Krakauer's often detached reporting style makes Missoula an excruciating experience (a warning is necessary), rarely giving the reader a break from the horrifying reality of the epidemic at hand. Young men use drugs and alcohol to facilitate rape. The word "no" is ignored, the concept of consent is misunderstood or not understood at all and there's a pervasive tone of male sexual entitlement. Victims, their families and friends, and even sympathetic reporters, are disbelieved and intimidated by their community. At one point during Donaldson's sentencing hearing, Huguet watches as her former high school's sexual-education teacher refuses to say Donaldson should be punished – even after he has confessed to the crime – because he's been "trustworthy" and "respectful." In another passage, Krakauer transcribes a horrifying interview with "Frank," a frat brother and rapist: "I just kept leaning on her, pulling off her clothes, and at some point she stopped squirming. I don't know, maybe she passed out."
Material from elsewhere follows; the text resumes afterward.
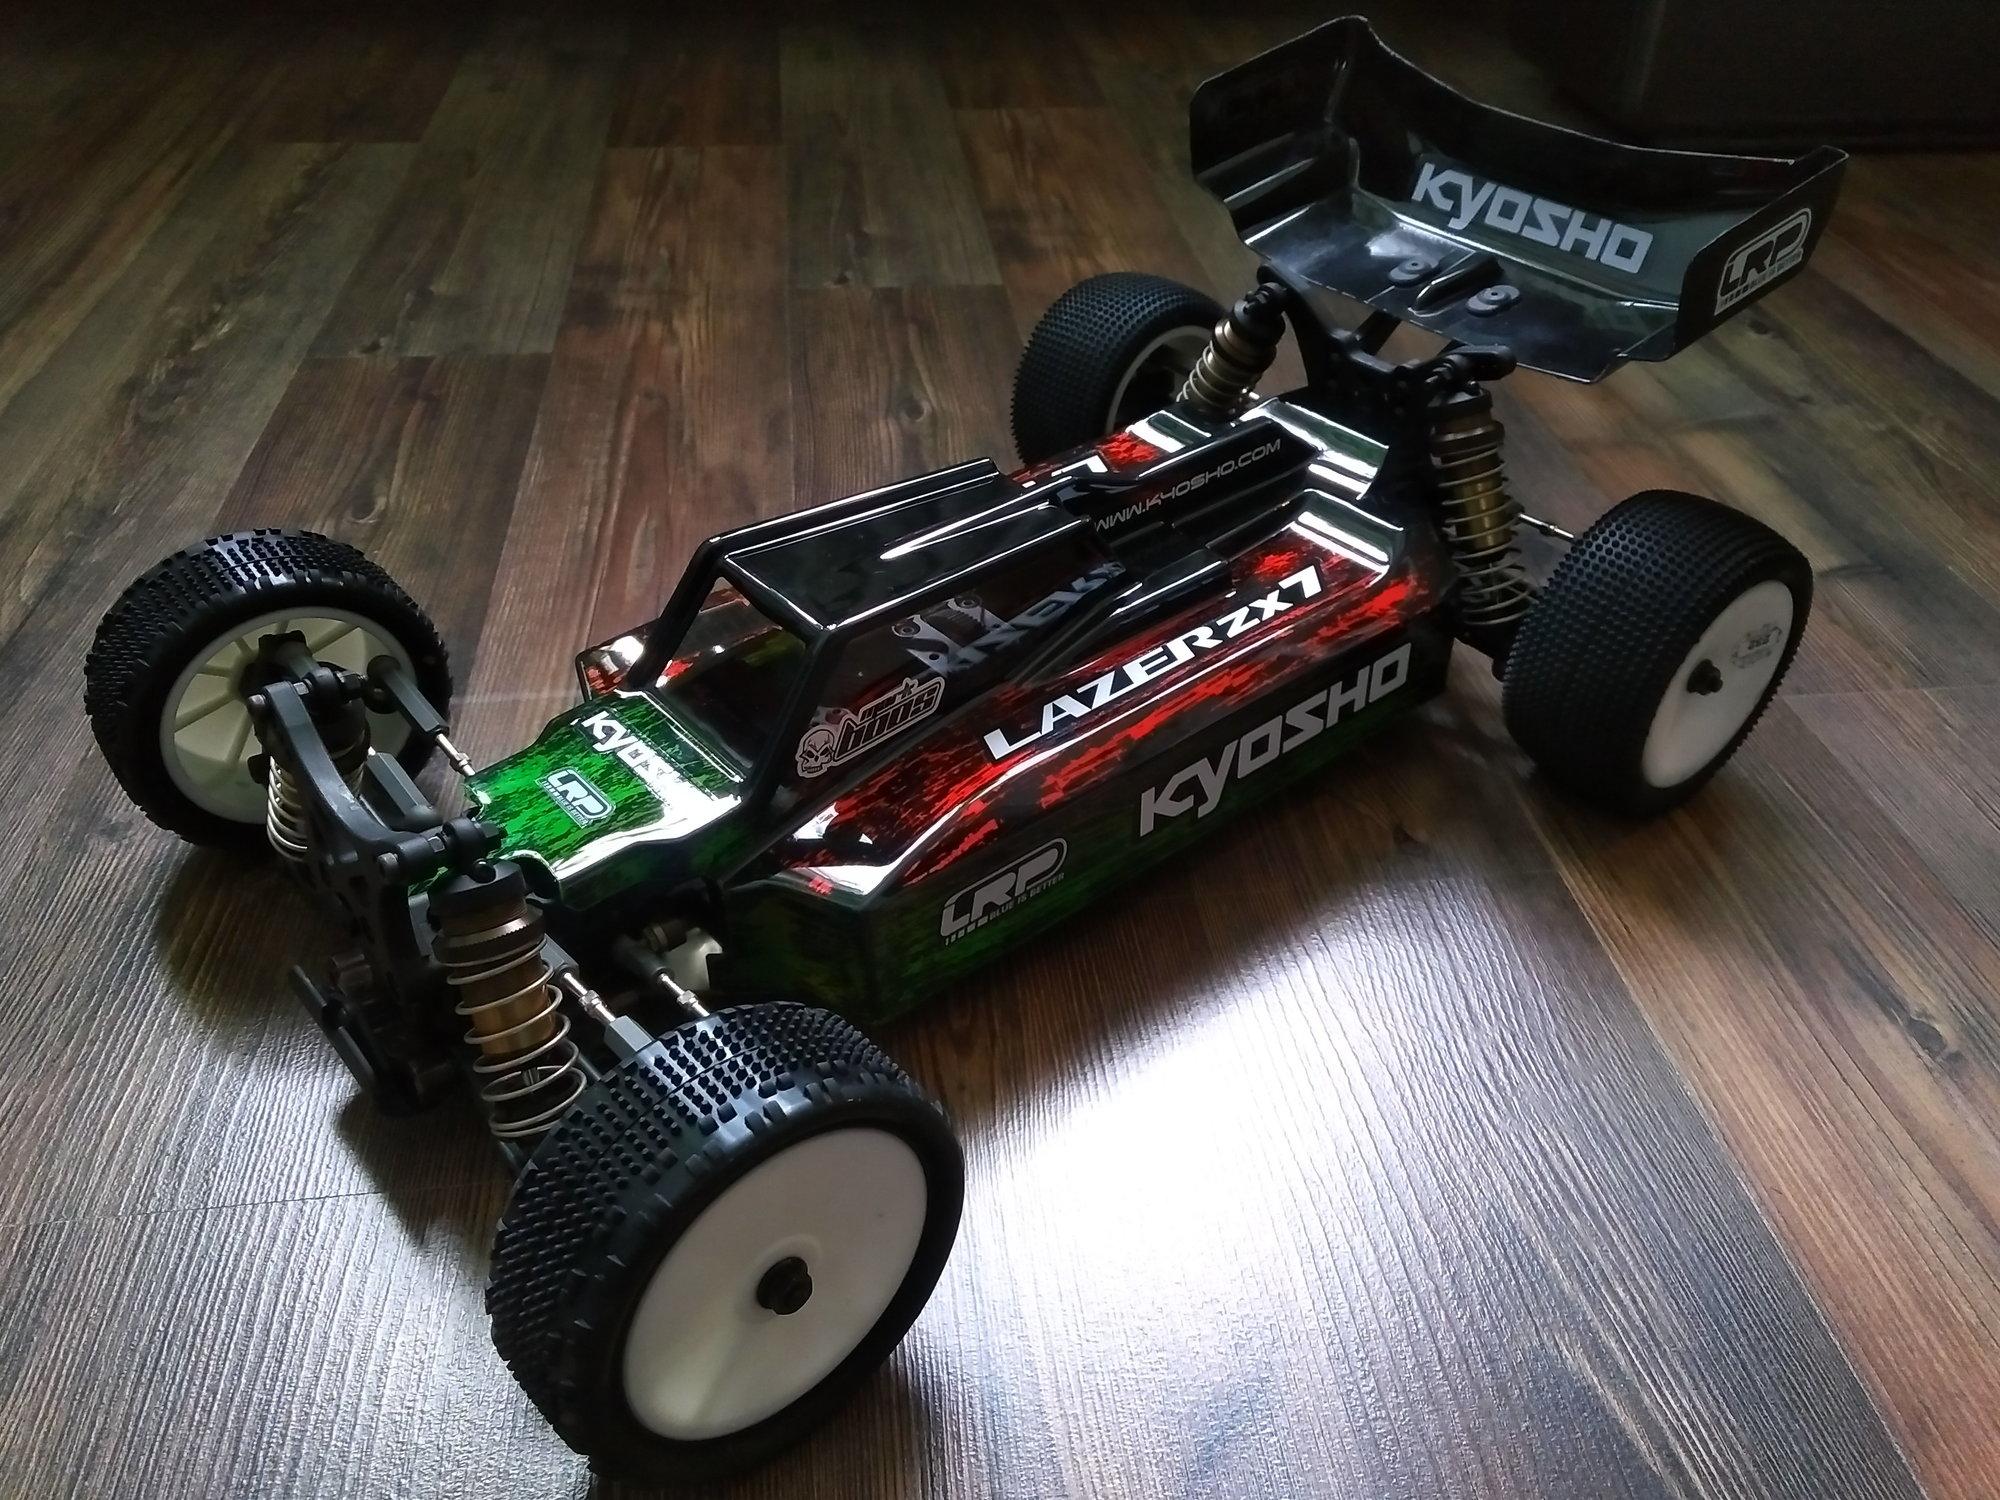 Kyosho Lazer ZX7 Thread - R/C Tech Forums

"We're disinclined to believe that someone who is an attentive student or a congenial athlete could also be a serial rapist," writes Krakauer. "But Frank and his ilk are sexual predators who do incalculable harm to their victims, and it's crucial for police officers, prosecutors and campus administrators to regard them as such."

Huguet's decision to report her assault was not driven by a desire for retribution, but a fear that Donaldson might rape someone else. Even with the knowledge that "Grizz Nation" will seek to destroy their reputations, the women stand up for themselves and support each other, with no real solace gained from a flawed, hostile process. So many survivors will see themselves in their self-doubt and anxiety, in their suffering and their strength.

Missoula is a myth-shattering documentation of how the system so often misunderstands, fails, betrays and re-traumatizes the survivors it endeavours to serve. It underscores the free passes and leniency afforded to promising young athletes, and the judgment and shame heaped upon their victims. Though it shouldn't take the words of a male observer to finally enlighten us on the topic of campus rape culture, the hope is that by laying out the harsh reality of the reporting process, this book can spur change on campuses far beyond Missoula's.

While it is never the obligation of a victim to report her assault, it is our collective obligation to make that process as safe and comfortable as possible. Krakauer's efforts, and more importantly the efforts of women like Huguet, bring us a little closer to making the choice to come forward possible – a choice so few of us ever felt like we had.